$ cat post/ssh-key-accepted-/-the-interrupt-handler-failed-/-the-pod-restarted.md

16JUL18

ssh key accepted / the interrupt handler failed / the pod restarted

Title: Kubernetes Wars and My Unloved Sidecar

July 16, 2018 was just another day in the container wars. Everyone had a favorite weapon, but one thing was clear—Kubernetes was winning. Helm, Istio, Envoy, and others were emerging like sidekicks to make our lives easier (or harder, depending on your perspective). I found myself knee-deep in Kubernetes clusters, trying to figure out how to get everyone else’s code running without breaking things.

Today, we’re dealing with a cluster that’s acting up. It’s been humming along for months, but suddenly some pods are crashing left and right. The first thing you do is dig into the logs, hoping to find a smoking gun. But no dice—everything looks fine. Time to fire up the metrics, maybe something in Prometheus or Grafana will show us what’s going on.

I start by checking out Prometheus.

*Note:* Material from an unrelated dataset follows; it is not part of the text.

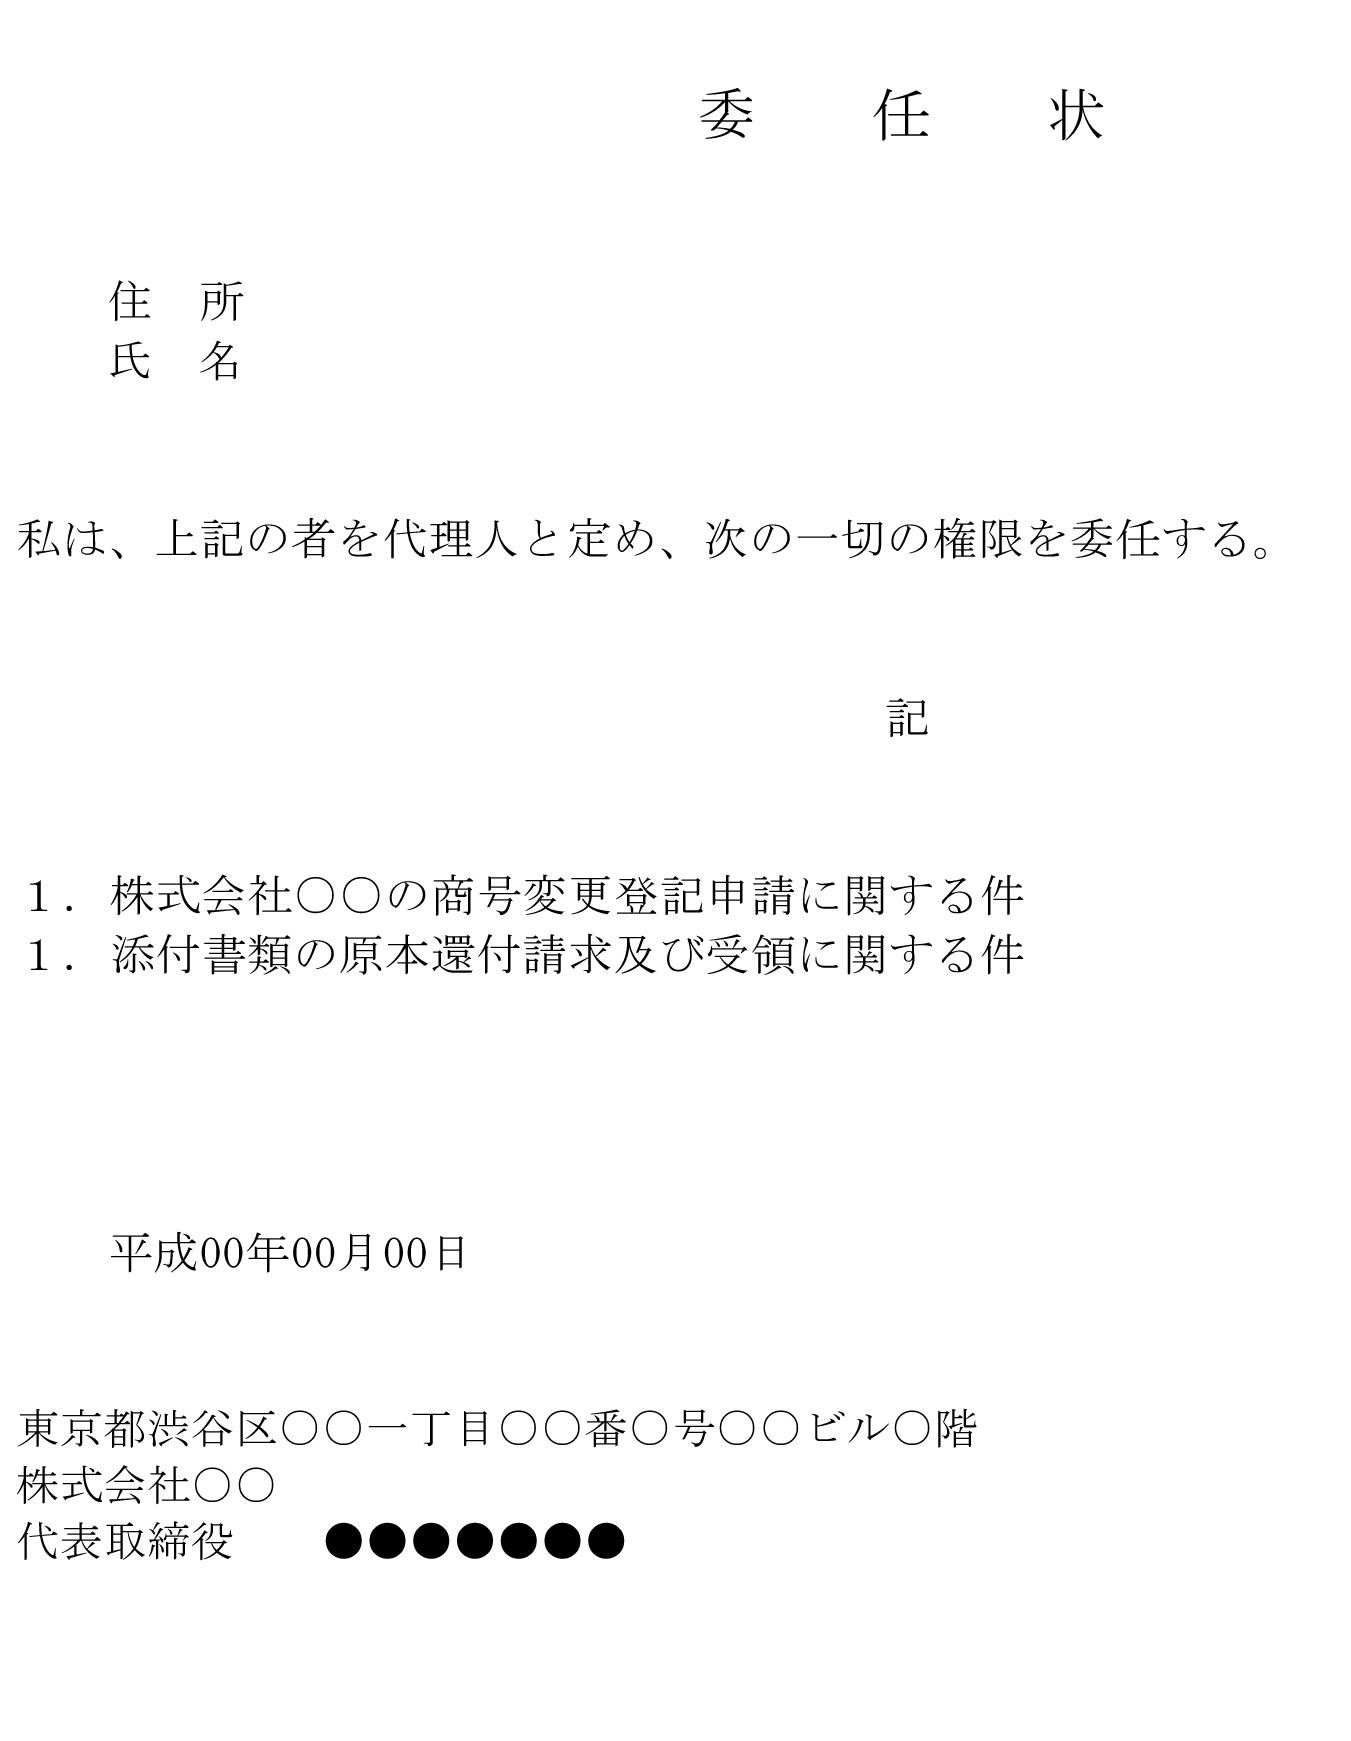 委任状(商号変更登記)

A few minutes later, I’m staring at a graph that shows my heart rate rising. The node CPU usage is spiking all over the place! I run a kubectl top nodes and sure enough, one of our worker nodes has hit 100% CPU utilization. That explains why things are crashing.

But where’s the culprit? I grep through the logs on that specific pod, looking for anything suspicious, but it’s clean as can be. Time to get granular. I start with a kubectl describe to gather more information about the container and its resources. The resource limits are set to reasonable values—100m CPU and 256Mi memory each. But there are no requests, which means Kubernetes is just giving it as much as it wants.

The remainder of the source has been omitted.